The overview by Cheifetz’s group offers a roadmap to existing evidence on CAM therapies, addressing a range of lesser-used nonconventional therapies as well as the following four popular CAMs:.
– Probiotics are probably the CAMs most commonly used by IBD patients, and there is a small amount of evidence that VSL#3 may help patients with pouchitis and mild-to-moderate UC, Cheifetz said. Nonpathogenic strains of Escherichia coli have shown an effect in maintaining remission in patients with UC. In CD, one study found Lactobacillus and VSL#3 to be ineffective in preventing postoperative recurrence of severe disease, although some patients receiving early VSL#3 had reduced mucosal cytokines at 3 months.
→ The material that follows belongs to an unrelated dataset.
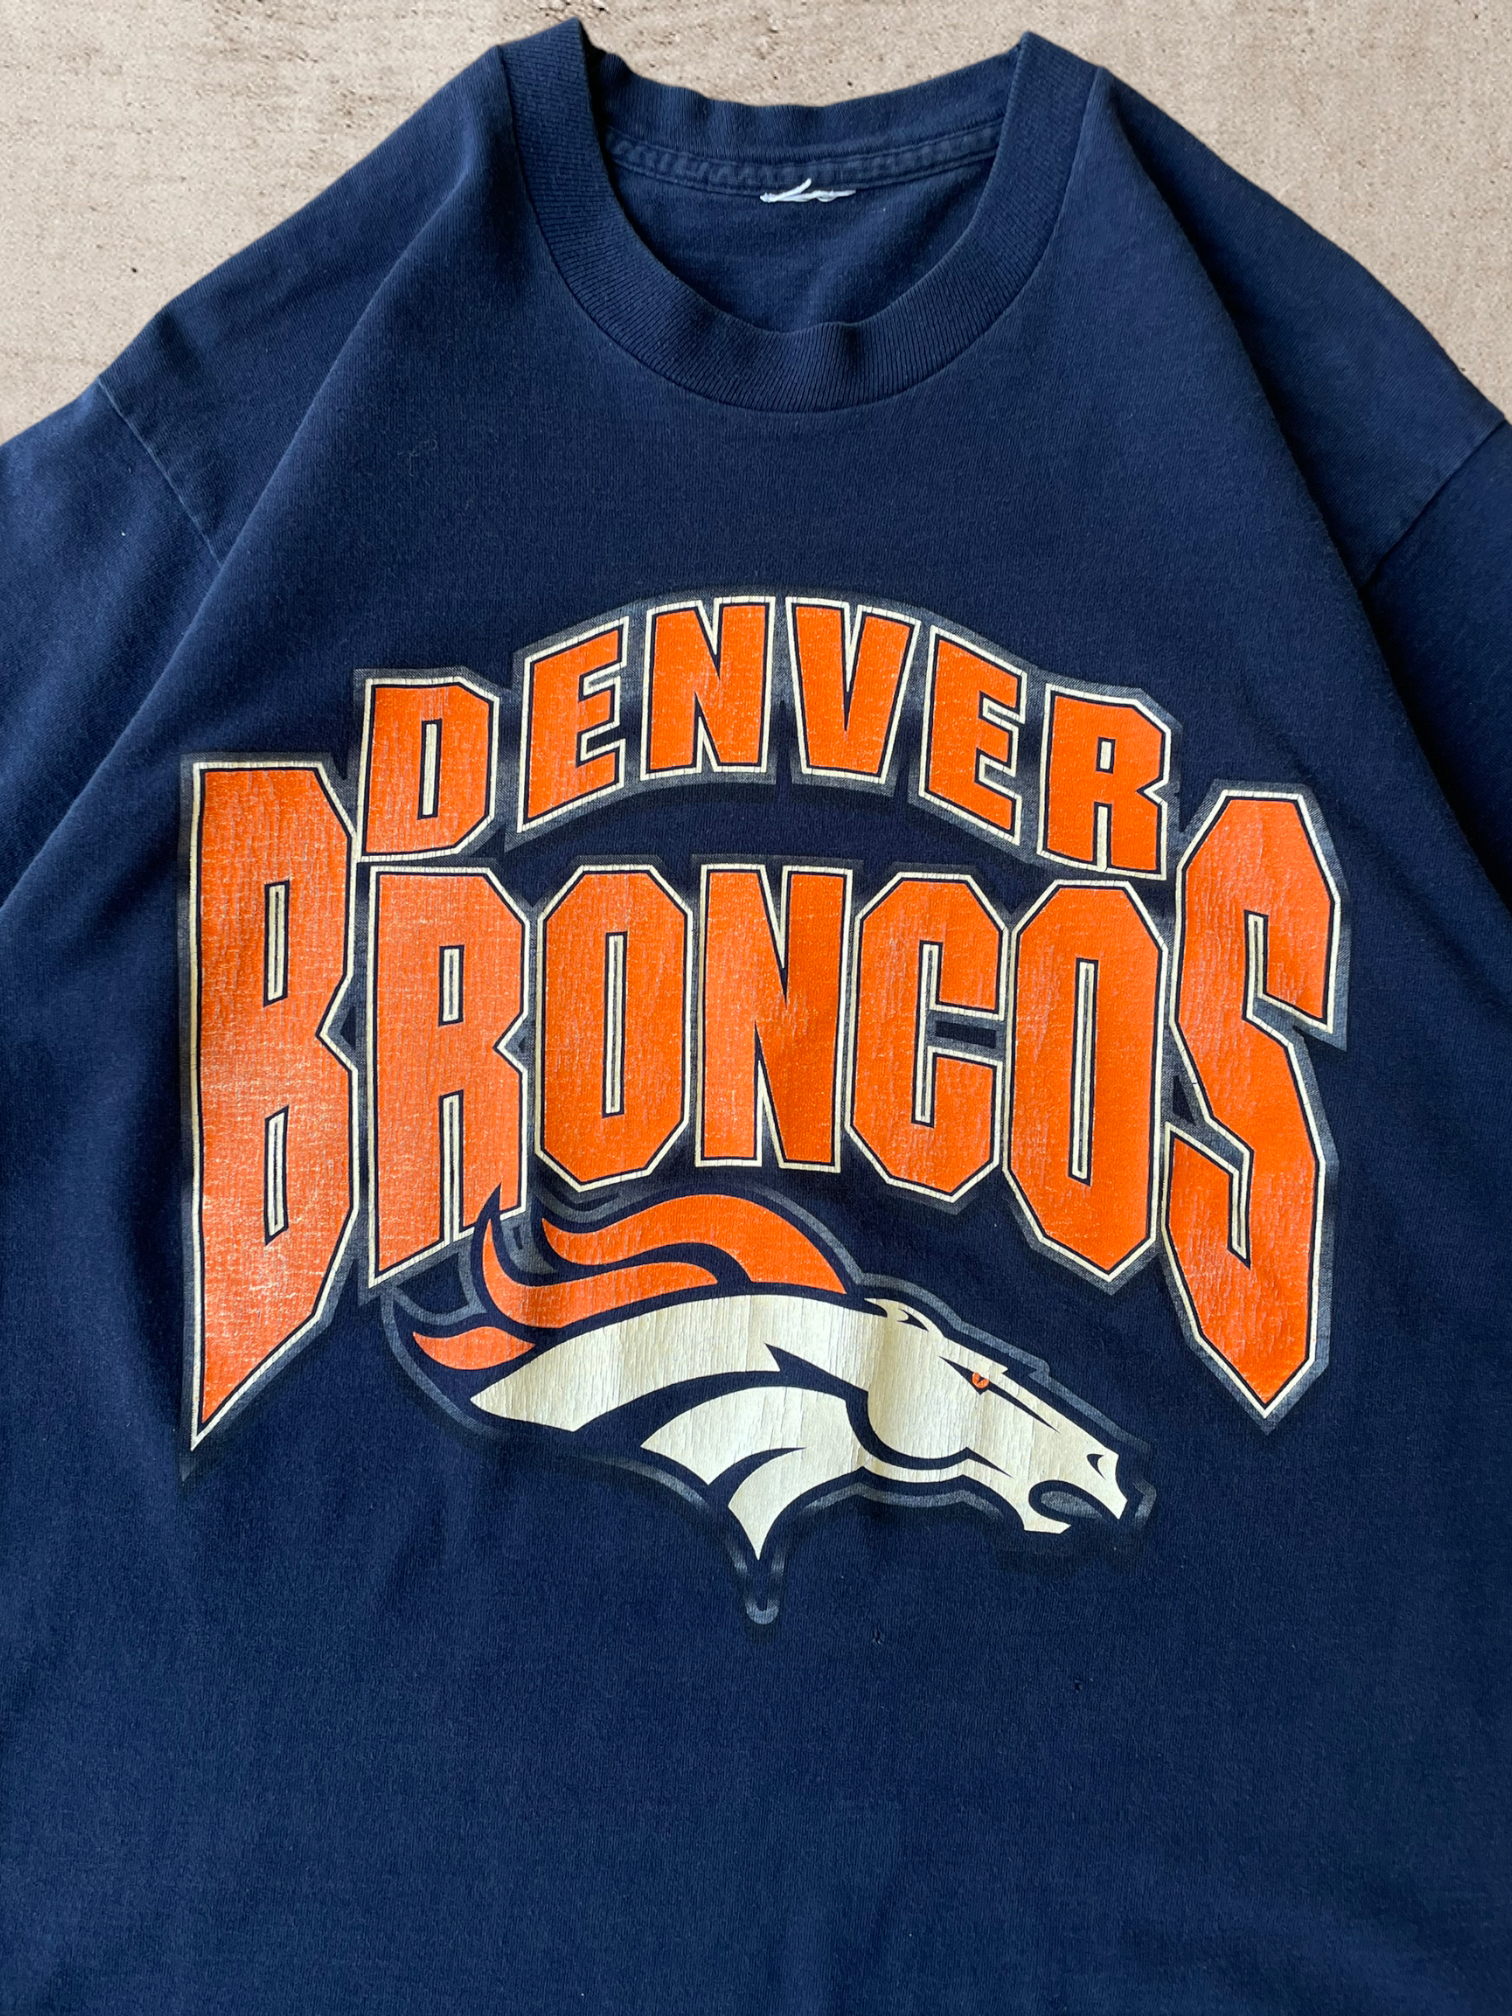 90s Denver Broncos T-Shirt - Large

– Curcumin/Turmeric: Similarly, there is some evidence that the phytochemical curcumin helps induce remission in patients with mild-to-moderate UC and incomplete response to 5 aminosalicylates, inducing remission in 54% of patients. Curcumin may also have some value as remission maintenance therapy in quiescent UC, according to Japanese researchers.
– Fish Oil: Large well-designed trials in CD have been negative, finding no benefit versus placebo for preventing CD relapse, while one small study showed it reduced the rate of relapse in high-risk CD patients, Cheifetz noted. Results in UC have also been disappointing, however, with the largest studies of patients in remission showing no statistically significant differences in the rates of relapse or macroscopic and histologic appearance. One analysis, however, found that fish oil exerted a modest corticosteroid-sparing effect in active disease but had no benefit for maintenance therapy. The review authors noted that fish oil’s interaction with immunomodulatory and biologic therapies has not been studied.
– Cannabis: Increasing numbers of patients are choosing medical marijuana. “There are a few small studies in which quality of life and some symptoms improved, but cannabis definitely did not induce remission or objectively reduce inflammation,” he said. In one 21-patient study, for example, cannabis led to significant steroid-free-clinical improvement without any side effects. “But akin to smoking tobacco, one study suggested that smoking marijuana might increase the risk of needing surgery”.
In the review, Cheifetz and colleagues urged physicians to explore the mechanism and evidence behind CAMs so they can offer rational advice to patients. The team stressed the need to ask patients what agents they are using and whether they are using them as adjuncts only: “Although CAMs could be used to supplement conventional IBD therapy, further research is needed to validate these approaches.”